Importantly, our machine-learning analyses converged with the transcriptomic and co-expression results: the top predictive features were strongly enriched for calcium-related signaling genes. This cross-modal convergence underscores the central role of calcium-mediated processes as a core molecular axis of early-onset vulnerability.

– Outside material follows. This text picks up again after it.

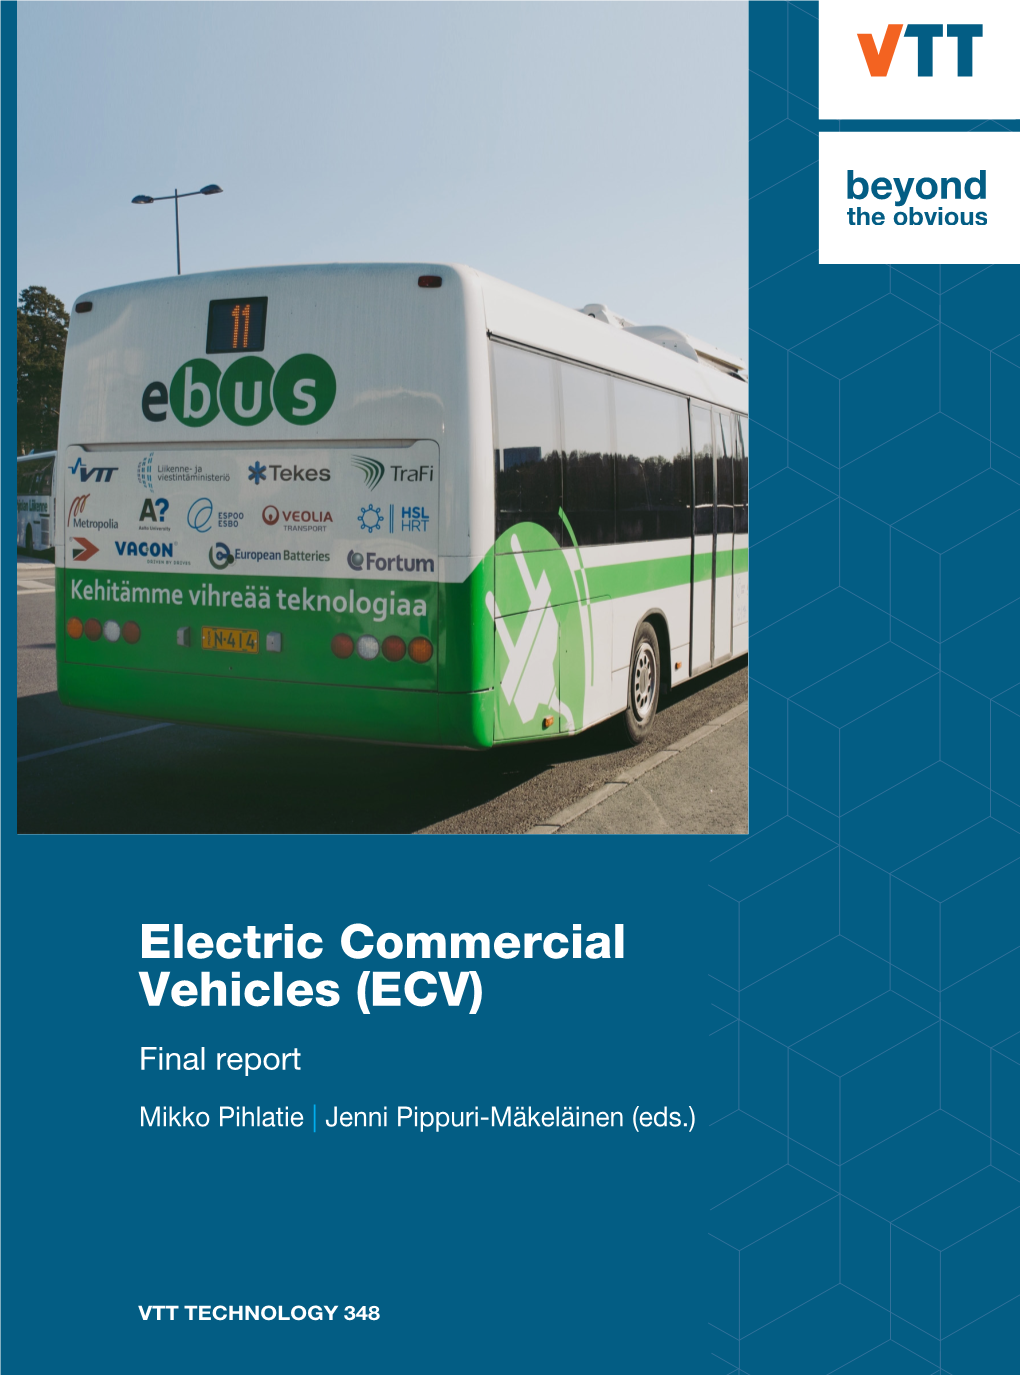 VTT Technology 348: Electric Commercial Vehicles (ECV)
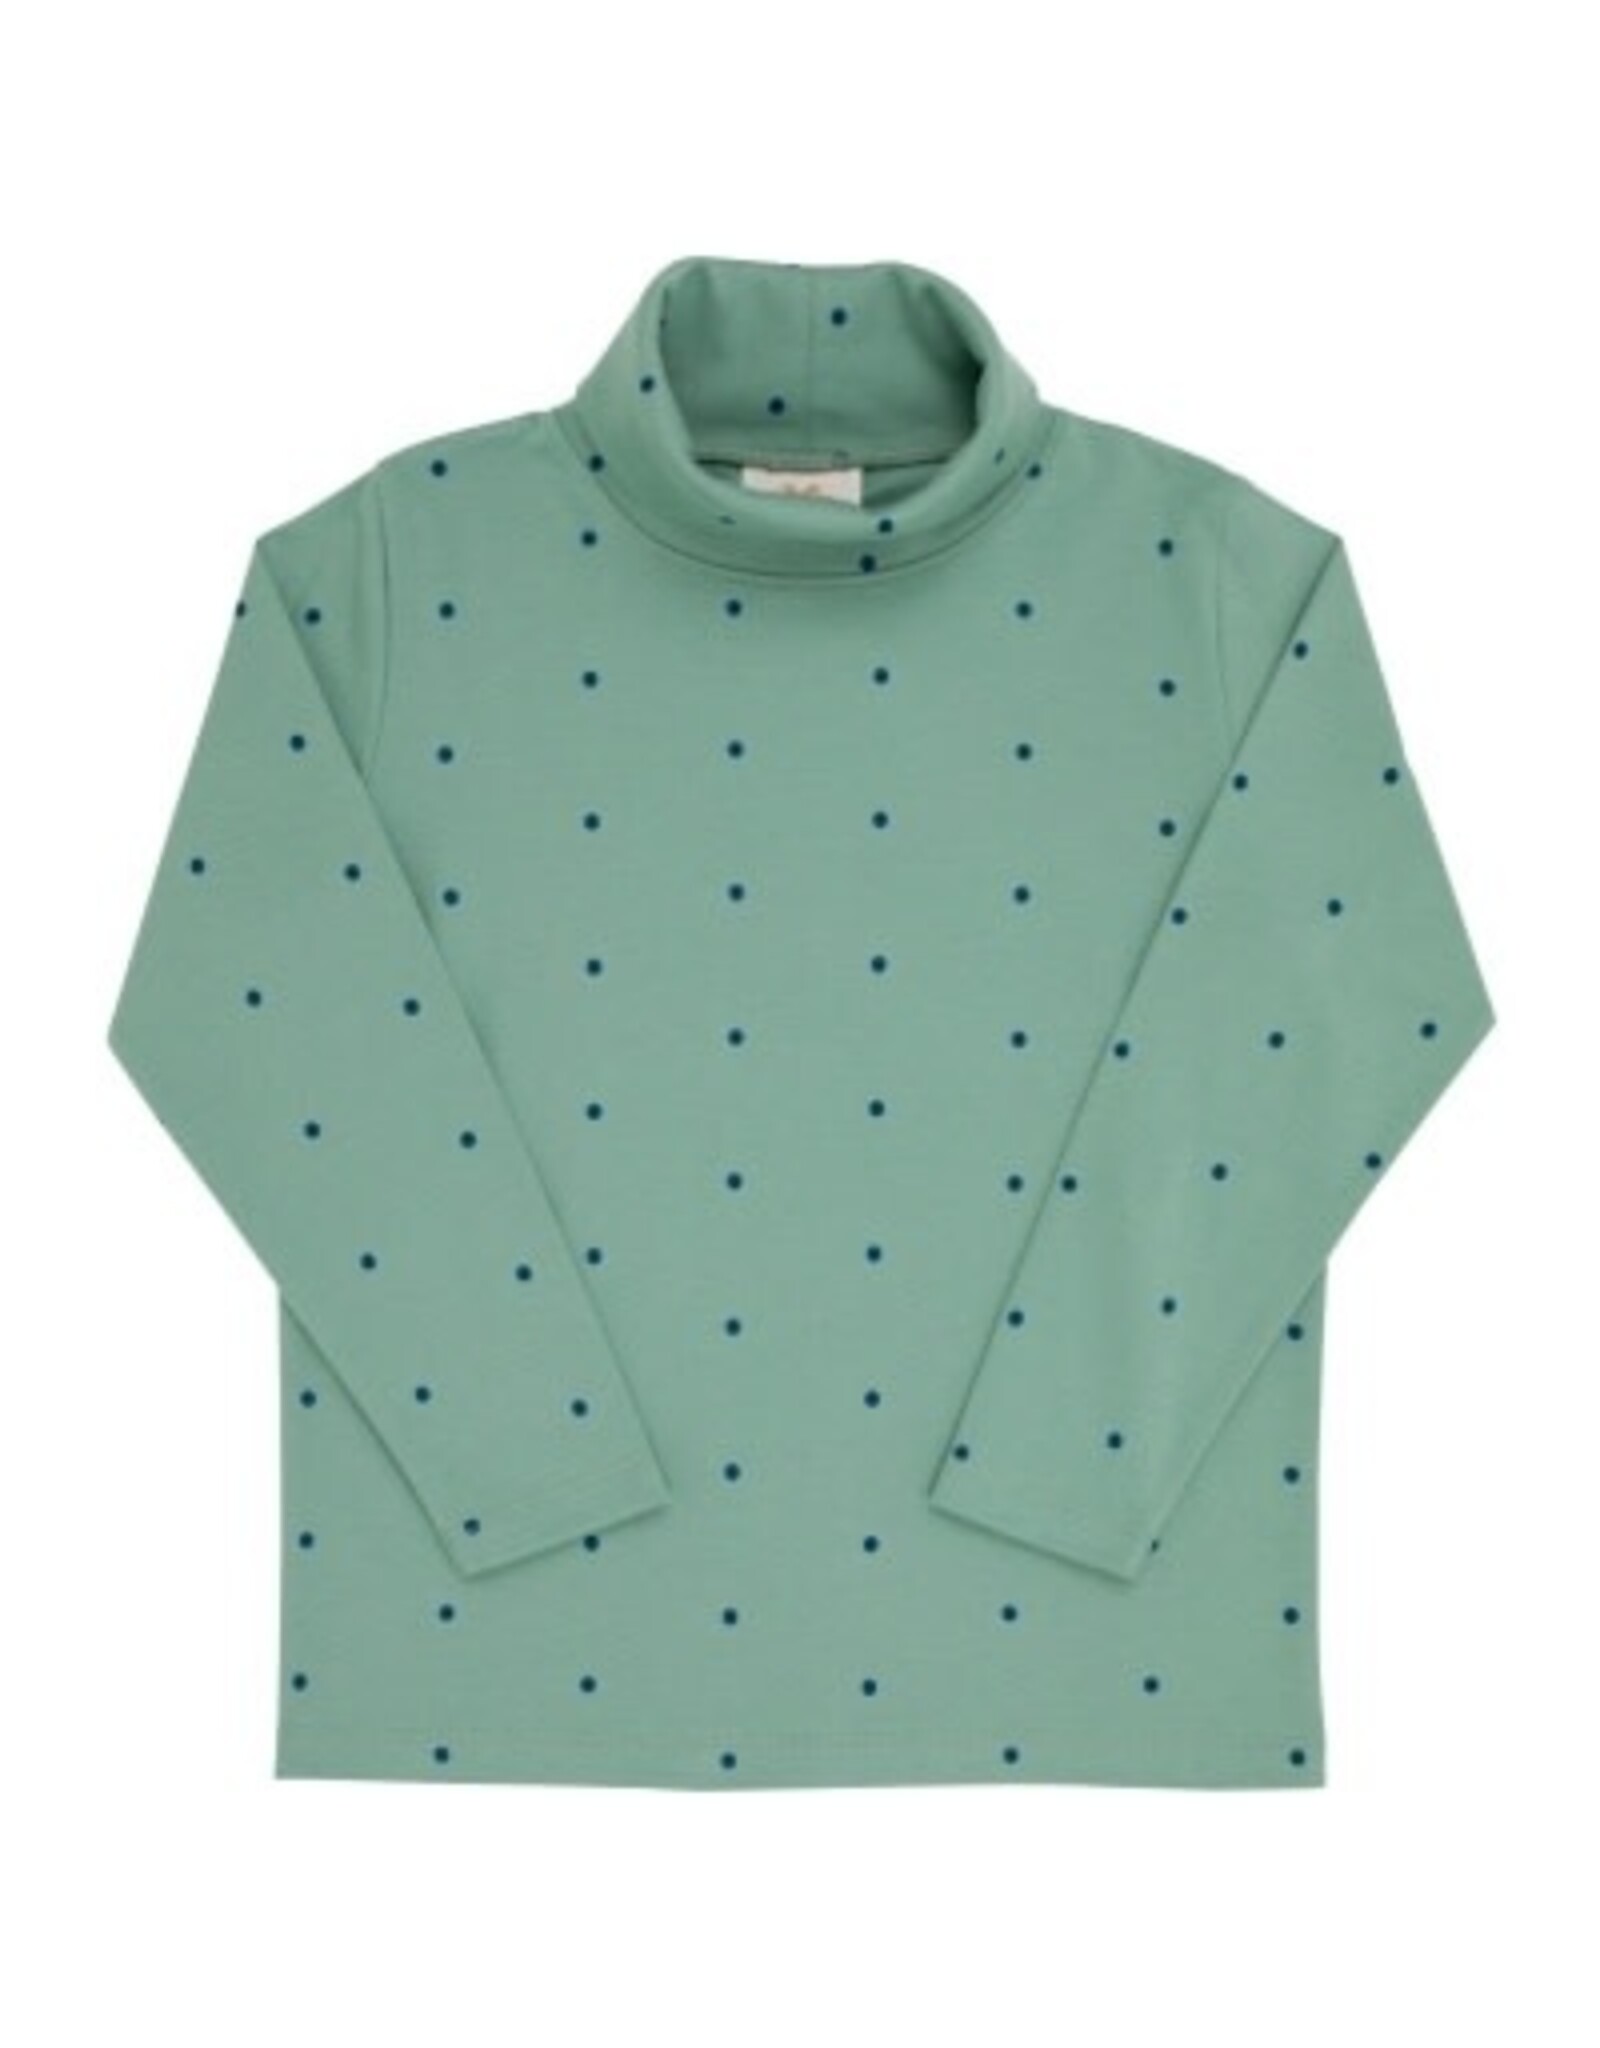 The Beaufort Bonnet Company Tatums Turtleneck Shirt, Gallatin Green Microdot

Clinical Implications and Future Directions

The results of this study point to several clinically meaningful avenues. First, transcriptomic markers involved in calcium signaling pathway may contribute to earlier detection and risk stratification, particularly in adolescents showing emerging symptoms. Second, the female-specific involvement of the cAMP–CREB axis suggests opportunities for sex-sensitive risk monitoring and preventive strategies during adolescence.
Therapeutically, our findings point to several biologically tractable pathways that may inform future intervention strategies. Isoform-specific adenylate cyclases, which function within defined enzymatic and subcellular compartments, represent one potential avenue for targeted modulation. Similarly, pathways involving calcium signaling, cyclic nucleotide regulation, and MAPK-related stress responses provide additional conceptual entry points for exploring mechanism-based treatments. Although current agents acting on these systems are not used clinically for bipolar disorder or schizophrenia, they illustrate how the molecular signatures identified in this study may guide future therapeutic development and refinement. Overall, our integrative framework highlights interconnected transcriptomic and pathway-level alterations spanning calcium influx, intracellular buffering, cAMP signaling, and MAPK-related stress responses. These insights may support the development of more informative biomarkers, guide early-intervention strategies, and contribute to emerging precision-psychiatry approaches that account for sex-specific biological differences in early-onset bipolar disorder and schizophrenia.

Supplementary Materials

The following supporting information can be downloaded at: https://www.mdpi.com/article/10.3390/ijms262412109/s1.

Author Contributions

S.S.A.: Project administration, Writing—review & editing, Writing—original draft, Visualization, Validation, Software, Methodology, Investigation, Funding acquisition, Formal analysis, Data curation, Conceptualization. S.D.: Machine Learning analysis, Writing—review & editing, Validation, Methodology, Investigation, Conceptualization. D.K.: Data curation, Writing—review & editing, Validation. M.S.: Statistic Analysis, Writing—review & editing, Data curation. F.D.S.: Writing—review & editing, Validation, Methodology. J.G.P.: Validation, Methodology, Data curation. N.A.: Writing—review & editing, Data curation. S.T.: Resources, Data curation, Writing—review & editing, Validation. V.F.G.: Writing—review & editing, Validation, Supervision, Resources, Project administration, Methodology, Funding acquisition, Data curation, Conceptualization. J.L.K.: Project administration, Supervision, Writing—review & editing, Validation, Resources, Methodology, Investigation, Funding acquisition, Data curation, Conceptualization. All authors have read and agreed to the published version of the manuscript.

Funding

James Kennedy’s laboratory is supported by the Tanenbaum Family Foundation, and the Centre for Addiction and Mental Health (CAMH) Foundation (S.S.A., S.D., F.D.S., N.A., J.G.P., V.F.G., J.L.K.). Vanessa F Gonçalves is supported by the CAMH Discovery Fund, the CAMH WomenMind Fund, and the Tanenbaum Family Foundation (V.F.G, F.D.S). Shreejoy Tripathy’s laboratory is funded by the Canadian Institutes of Health Research (CIHR; PJT-191747) (S.T, D.K). Sara Sadat Afjeh and Jennie G Pouget are supported by Canadian Institutes of Health Research (CIHR) Fellowship.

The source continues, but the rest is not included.